**Exercise data**
----------------
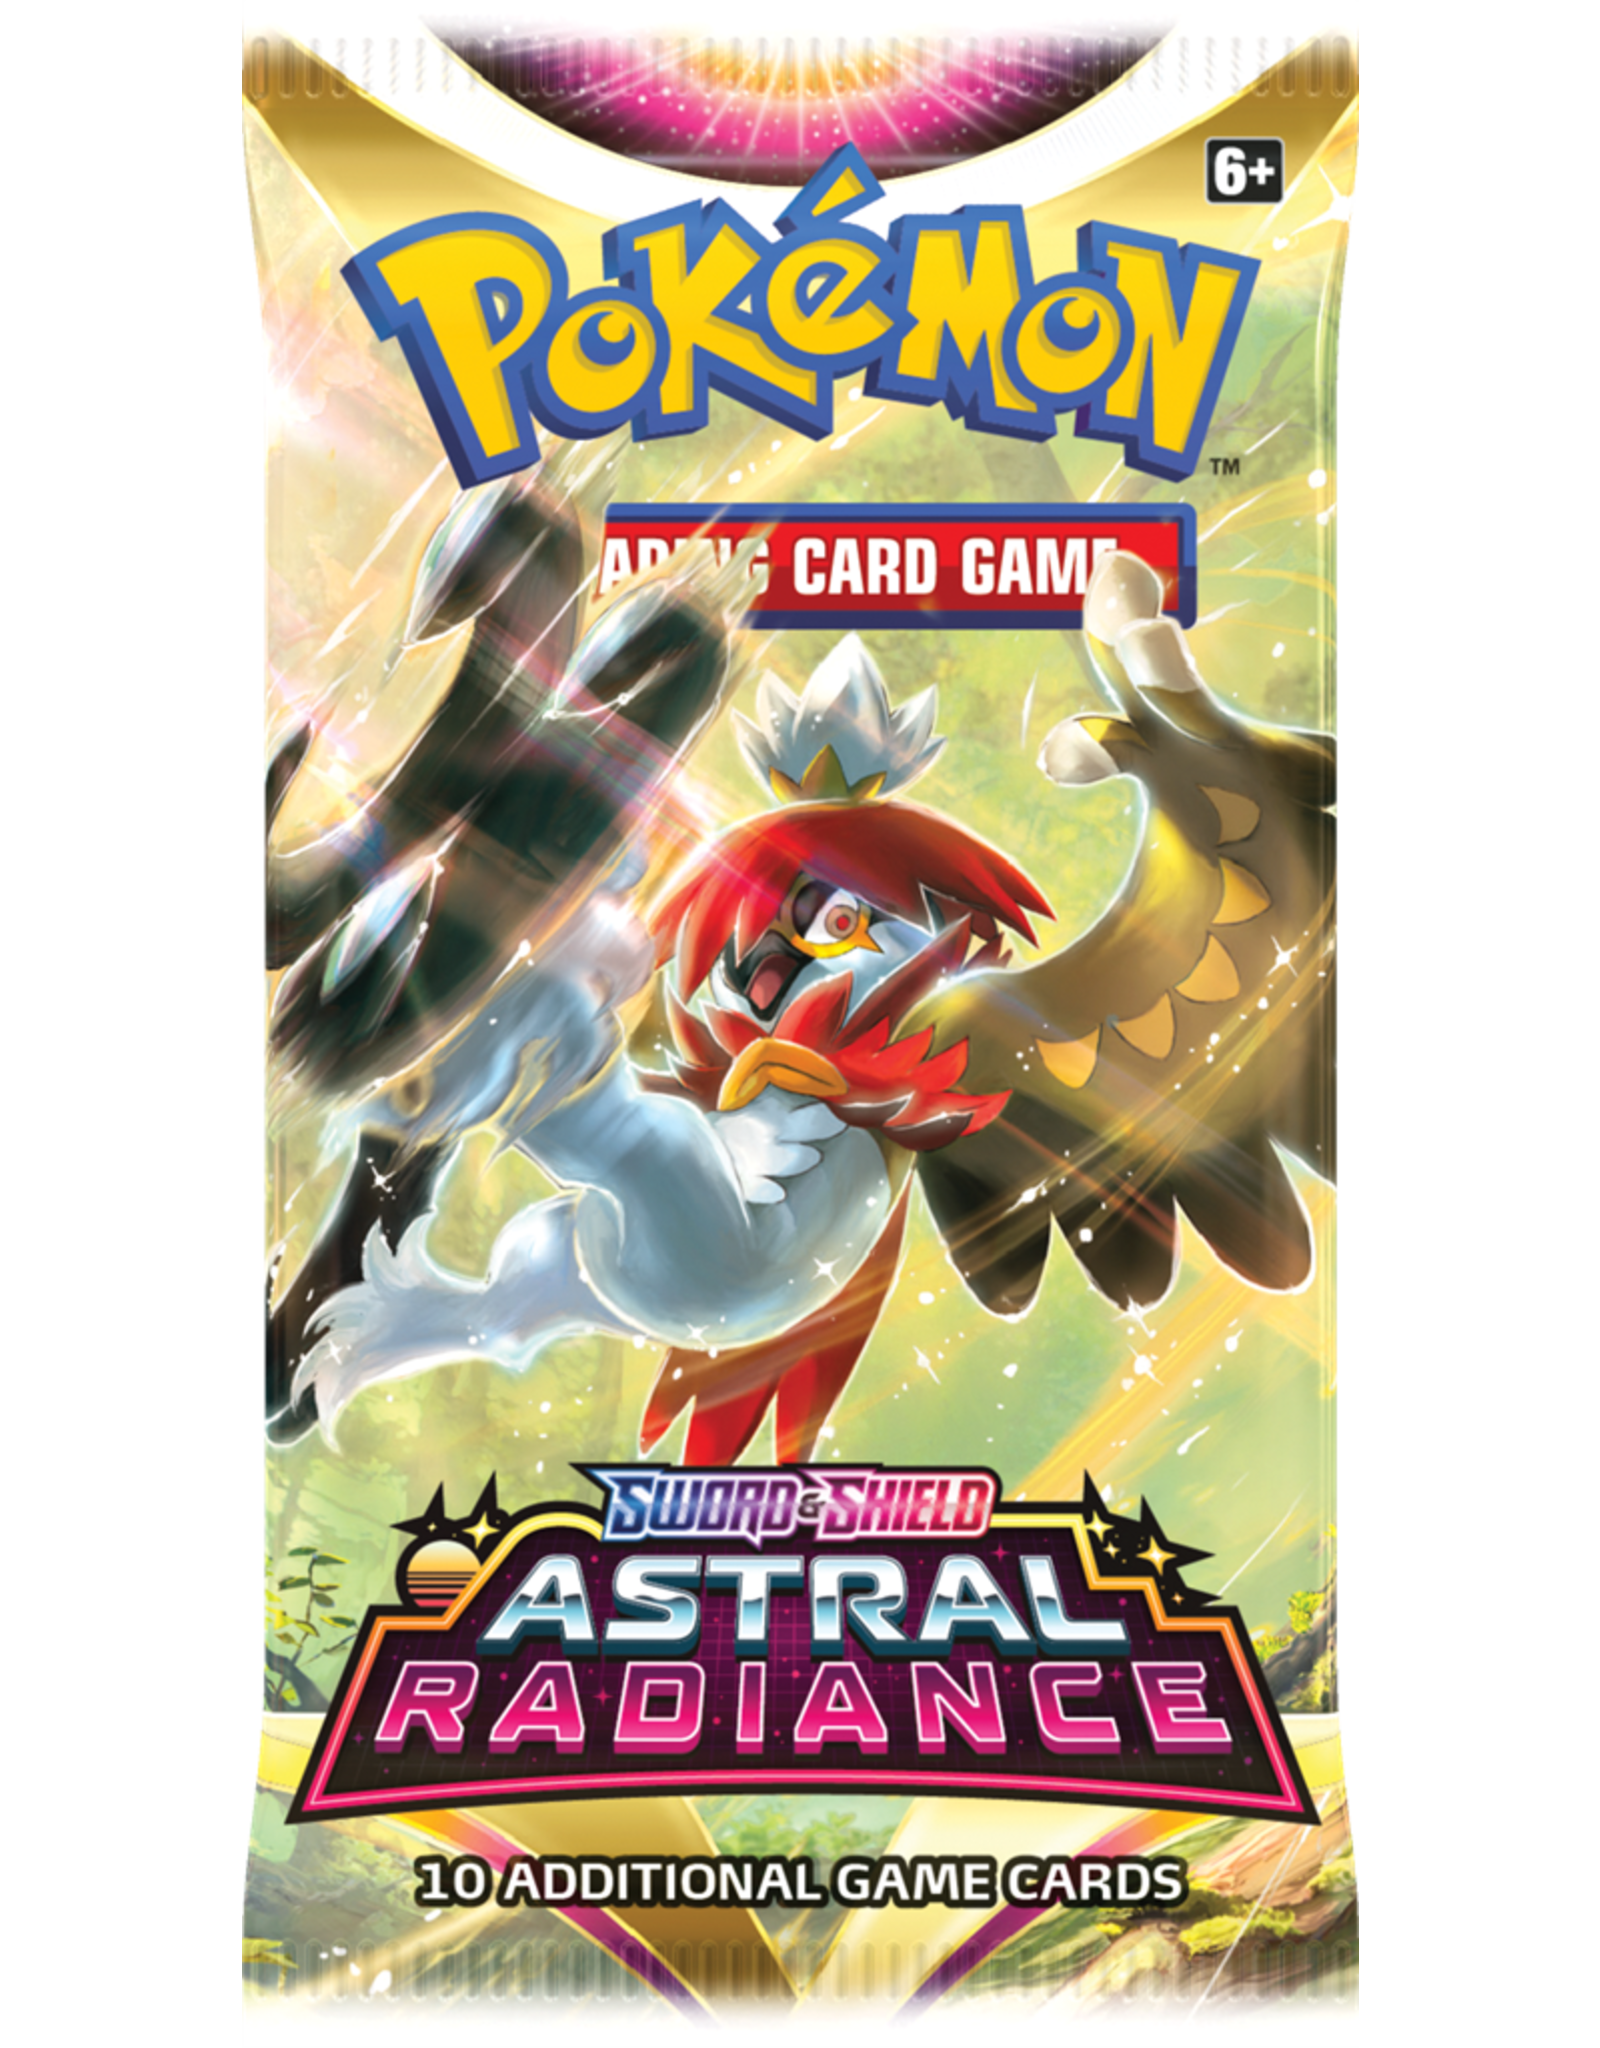 The Pokemon Company Pokémon TCG Sword & Shield Astral Radiance Booster
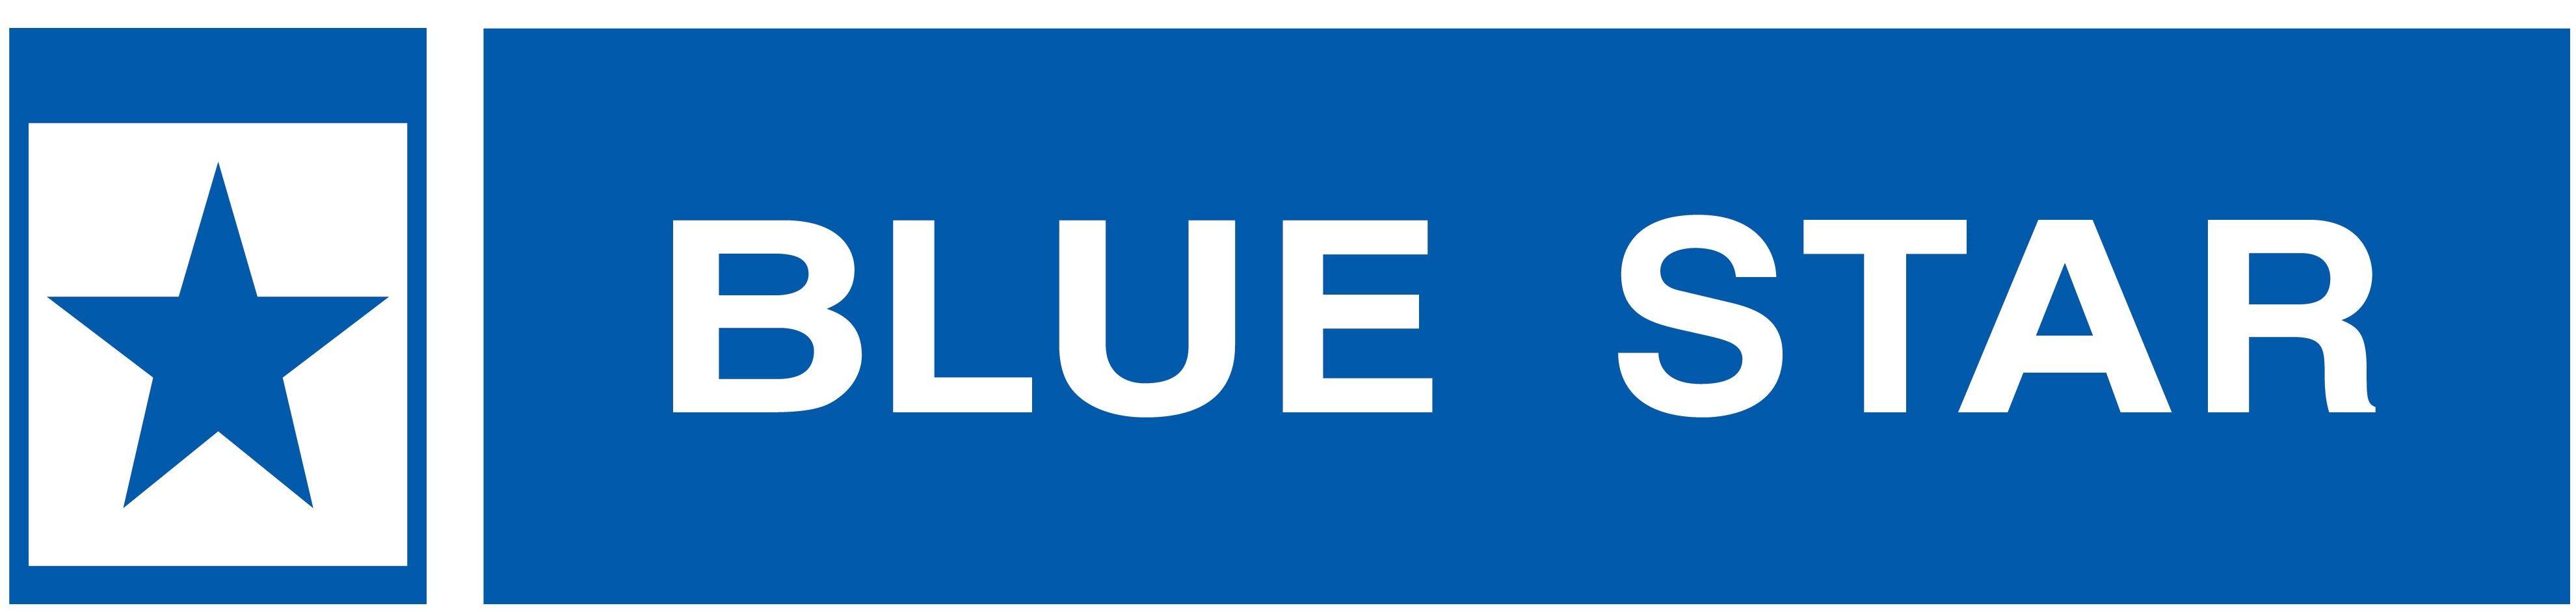 Blue Star Logo - Blue star company Logos
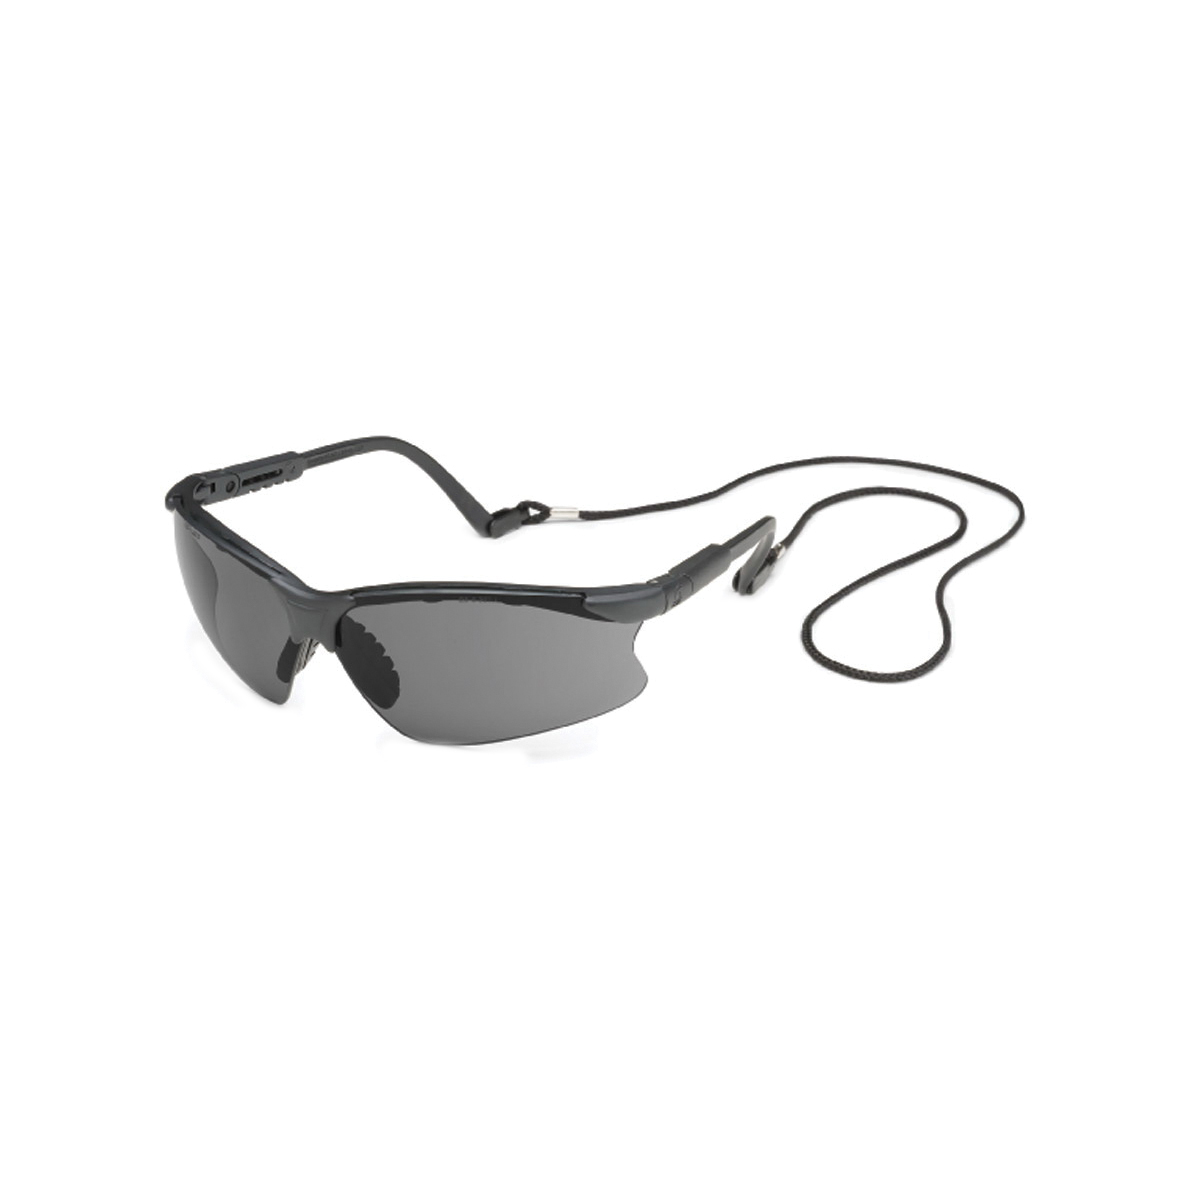 Gateway Safety® Scorpion® 16GB83 Safety Glasses, Unisex, Gray Lens, Scratch-Resistant Lens, Black Frame, Ratchet Temple
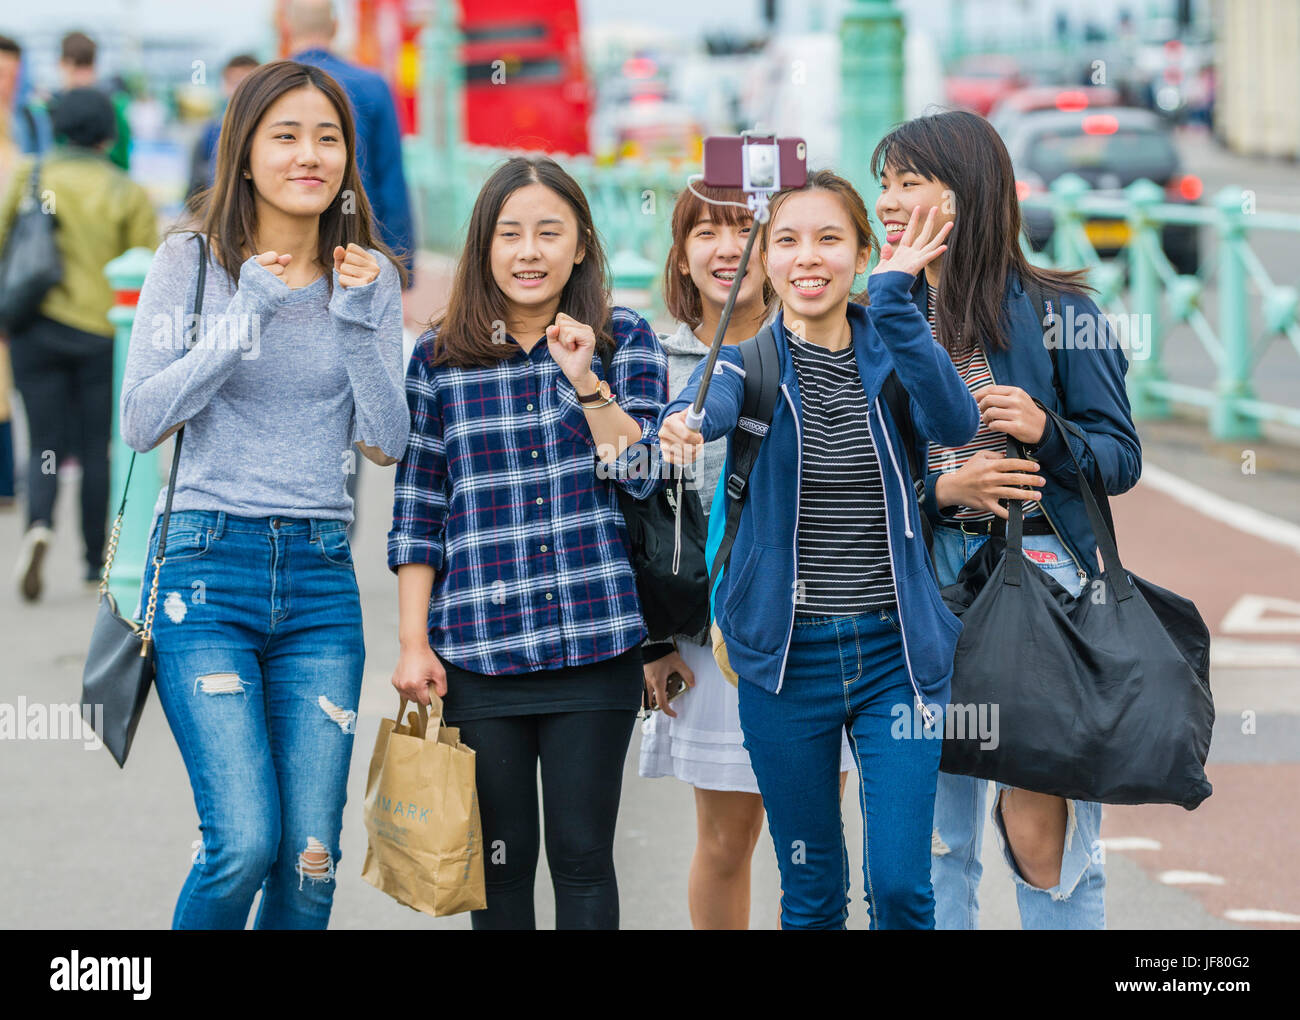 Prendendo un selfie. Gruppo di amici asiatici prendendo un gruppo selfie utilizzando uno smartphone su un bastone selfie. Foto Stock
----------------
**Exercise**
Everything from the line with "Blue Star Logo - Blue star company Logos" through the end of the listing above, both ends included, should be set down exactly; copy nothing else, and skip the pictures.

**Your solution**
 Blue Star Logo - Blue star company Logos
 Gateway Safety® Scorpion® 16GB83 Safety Glasses, Unisex, Gray Lens, Scratch-Resistant Lens, Black Frame, Ratchet Temple
 Prendendo un selfie. Gruppo di amici asiatici prendendo un gruppo selfie utilizzando uno smartphone su un bastone selfie. Foto Stock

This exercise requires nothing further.